李晔起身,走到窗边,推开一条缝。只见春娥缩在墙角阴影里,脸色冻得发青,手里紧紧攥着什么东西。
“进来。”
春娥闪身入内,扑通跪下,从怀里掏出一块叠得整齐的布帕,双手奉上:“陛下,东西……送到了。这是张……张承业让奴婢带回的。”
李晔接过布帕,打开。里面是一枚铜钱,开元通宝,边缘磨损得厉害。铜钱下,压着一张小纸条,上面用炭笔写着一行歪歪扭扭的字:
“三年前,御花园,救我者,陛下也。今陛下若有差遣,万死不辞。”
李晔看着那枚铜钱,和那行字,久久不语。
三年前,原主李晔还是寿王,一次在御花园游玩,偶然撞见几个大宦官在欺辱一个小黄门,将他的头按进池塘。原主一时不忍,出声喝止,救下了那个小黄门。事后也没放在心上,甚至不记得那人的模样。
没想到,就是张承业。
更没想到,三年过去,这个当时不过十三四岁的小宦官,还记得这份恩情,并且……愿意以命相报。
在这深宫之中,这或许是第一份,也是唯一一份,不掺杂利益的忠诚。
“他还说了什么?”李晔将铜钱握在手心,冰冷的金属硌着皮肤。
“他说……他说他知道陛下如今处境艰难,宦官当道,外藩跋扈。他在少阳院洒扫,平日里能听到一些闲言碎语。若陛下不弃,他愿为陛下耳目。”春娥声音发颤,却努力说清楚,“他还说,他知道几个对杨中尉……不满的小黄门,或许可用。”
李晔闭上眼,深吸一口气。
绝境中的第一缕光,来了。
“春娥,”他睁开眼,看着眼前这个瑟瑟发抖的小宫女,“你做得很好。从今日起,你去尚服局,找一位叫何芳的女官,就说朕让你去帮忙打理旧衣。她会安排你。”
何芳,是他在记忆里找到的另一个名字。原主生母的旧宫人,因性子直,不得宠,被打发到尚服局,但据说为人正直,且对原主母子有旧情。
“谢陛下!谢陛下!”春娥连连磕头。
“还有,”李晔从案上拿起一支玉笔,递给春娥,“把这个带给张承业。告诉他,朕要他做一件事——”
他压低声音,说了几句话。
春娥认真听着,重重点头,将玉笔小心藏进怀里,又悄无声息地退了出去,消失在夜色中。
李晔重新坐回案前,看着跳动的烛火。
他让张承业做的第一件事很简单:留心所有进出少阳院的宦官宫女,记住他们的面孔、职司,以及……他们私下里说了什么。
情报。他需要情报。在这深宫里,他就是聋子、瞎子。杨复恭想让他知道什么,他才能知道什么。这不行。
张承业是他布下的第一颗暗子。而何芳,是第二颗。
他要编织一张网,一张属于自己的、小小的网。
第三节棋子与棋手
三日后,含元殿大朝。
李晔正式受百官朝贺,即皇帝位,改元“龙纪”。
典礼隆重而沉闷。杨复恭全程站在御座旁,神色平静,仿佛前几日的风波从未发生。但李晔能感觉到,那双老辣的眼睛,始终在观察着自己。

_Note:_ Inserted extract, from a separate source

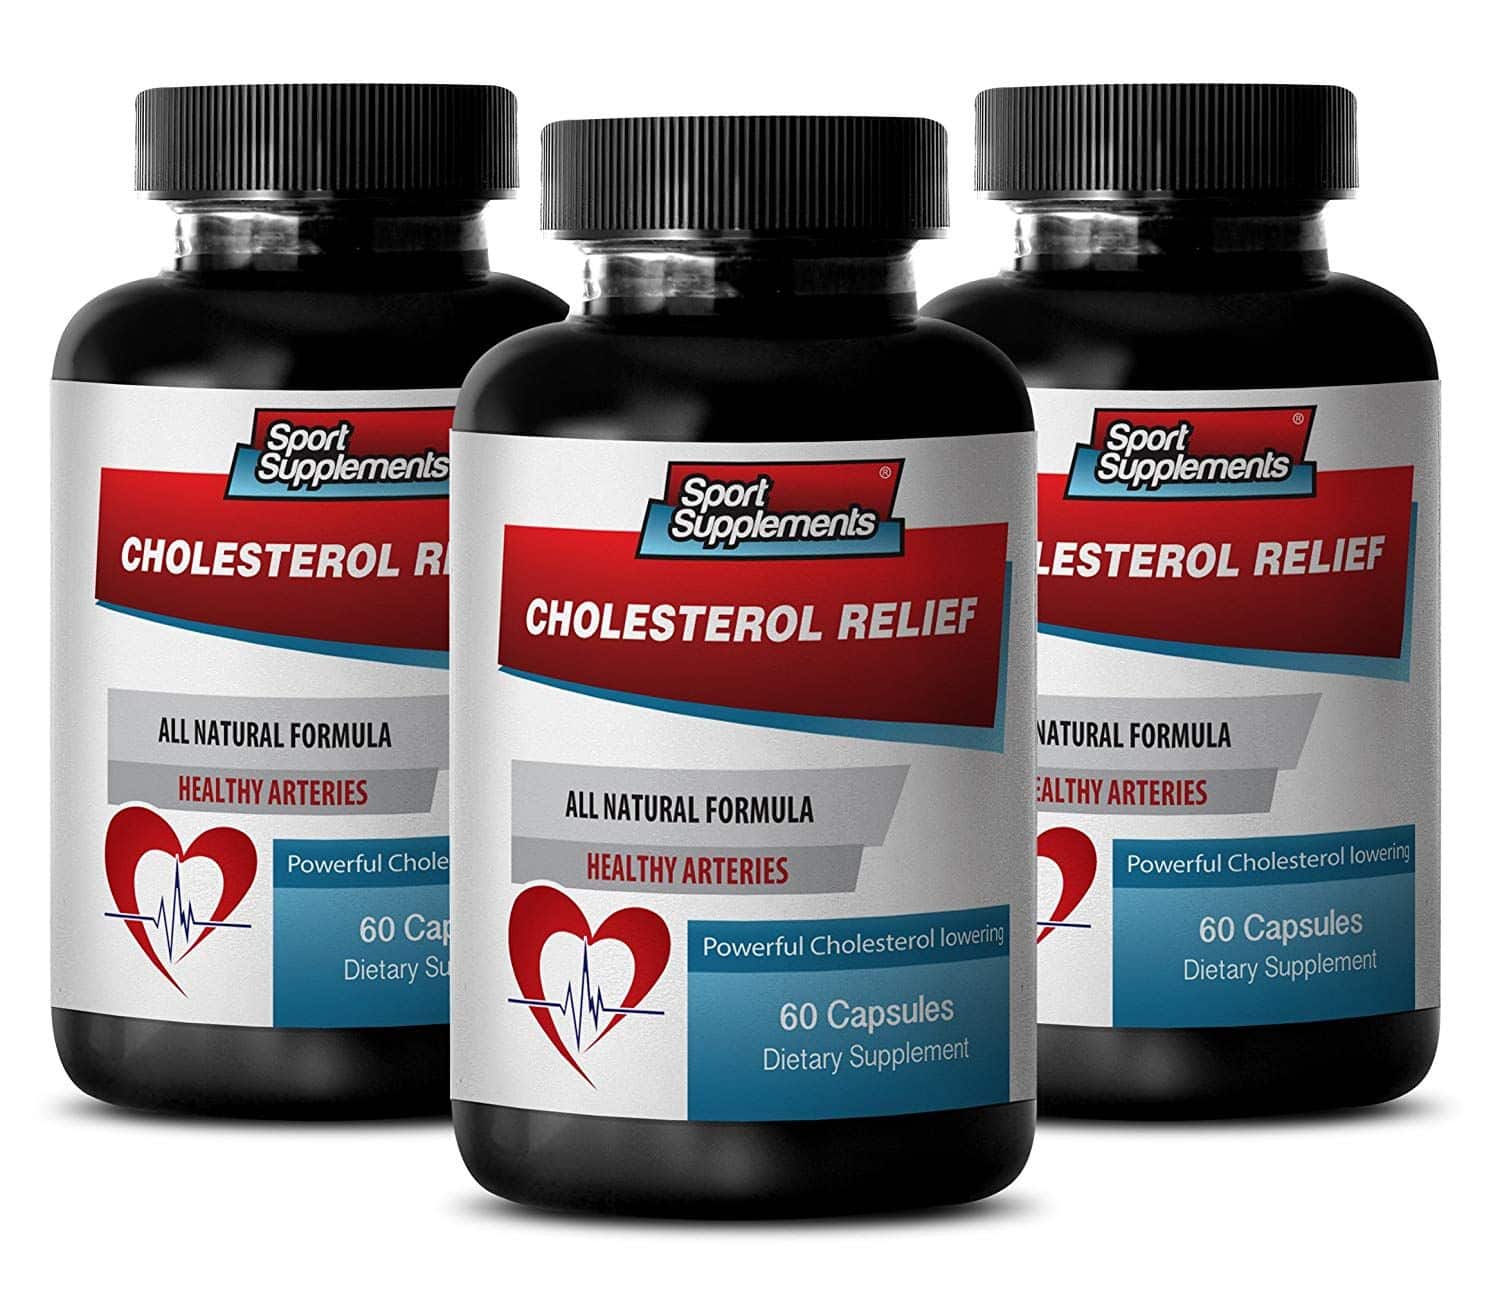 Anti cholesterol supplements

朝会上,宰相杜让能出列,奏请为几位拥立有功的宦官、藩镇加封。
“凤翔节度使李茂贞,加检校太尉、同平章事,使相之衔。”杜让能念着长长的封赏名单。
使相,即节度使加同平章事衔,虽不实际理政,却是极高的荣誉。这是对李茂贞的安抚,也是朝廷的惯例——打一巴掌,给个甜枣。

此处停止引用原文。